For multi-step tool use and reasoning tasks, Command R achieved higher accuracy than its peers on benchmarks including HotpotQA and Bamboogle, demonstrating its proficiency in coordinating search, synthesis, and reasoning across several inference cycles, as detailed in research related to HotpotQA.
Multilingual performance on mMMLU and FLoRES benchmarks across several major models.

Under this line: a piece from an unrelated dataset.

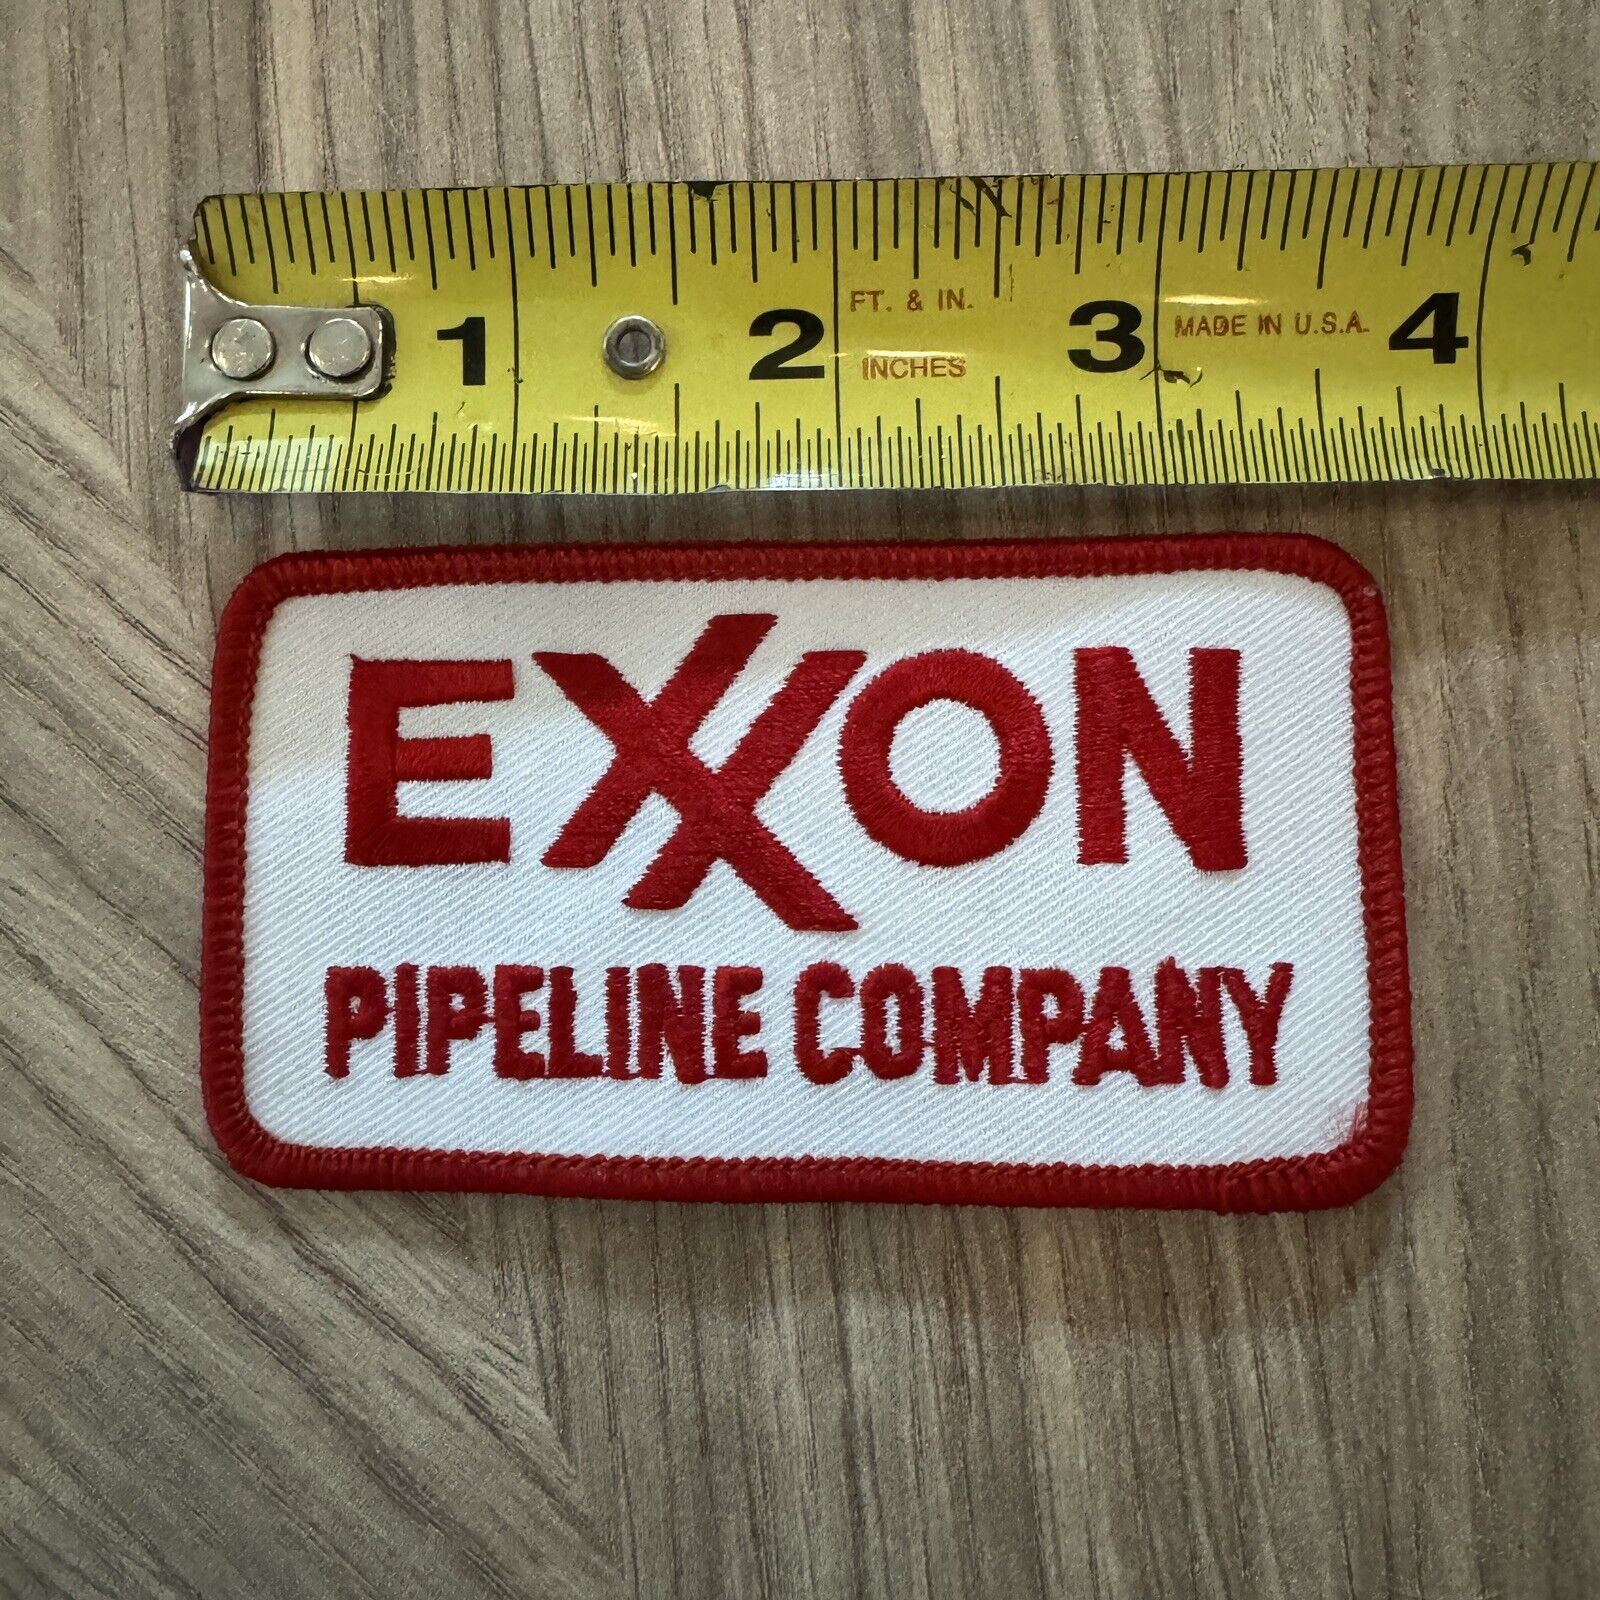 Vintage 80s EXXON Pipeline Company Sew On Patch
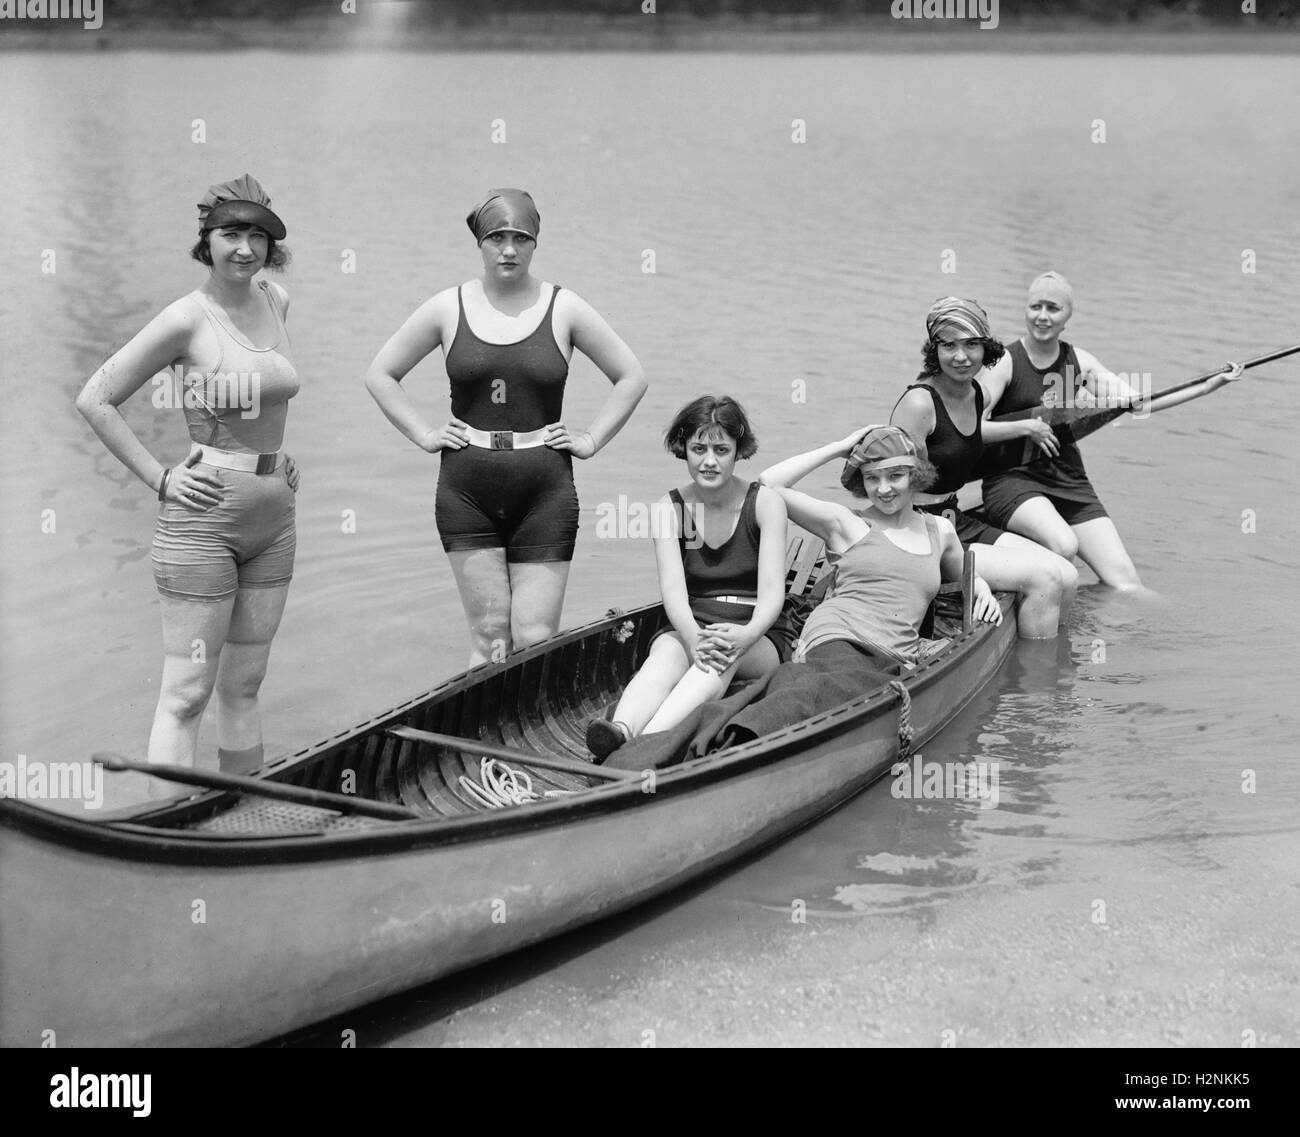 Actress Kay Laurel (seated with hat) and Group of Women in Bathing Suits Posing with Canoe at Bathing Beach, Washington DC, USA, National Photo Company, July 1922 Stock Photo

In multilingual evaluations, Command R v01 demonstrated accuracy and translation performance on the mMMLU and FLoRES benchmarks, often outperforming comparable models in multilingual understanding and translation tasks, as described in the FLoRES research and MMLU research.
Heatmap shows Command R's performance in 'Needles in a Haystack' long-context evaluation, with high scores across varying token lengths and depths.
Command R v01 also demonstrated proficiency in long-context evaluations, recovering inserted facts within prompts up to 128,000 tokens, as illustrated by "Needles in a Haystack" benchmark results, a methodology detailed here.
Applications and Use Cases
Command R v01 is designed for enterprise applications that require reliable, context-rich generation and access to proprietary or dynamic external knowledge bases. Key use cases include:
Retrieval-augmented generation for summarization, analytics, and information packaging, incorporating transparent citations.
Tool use for workflow automation, involving external APIs, databases, code interpreters, and search engines.
Reasoning, question answering, and planning tasks in business and technical domains.
Multilingual customer support, documentation, and translation tasks.
Its architecture enables integration with associated models such as Embed and Rerank for RAG workflows.
Limitations and Licensing
While Command R v01 is effective for a range of language and reasoning tasks, it is not specifically optimized for pure code completion and may require precise prompt templates to realize optimal performance in grounded generation and tool use scenarios, as outlined in the prompting guide.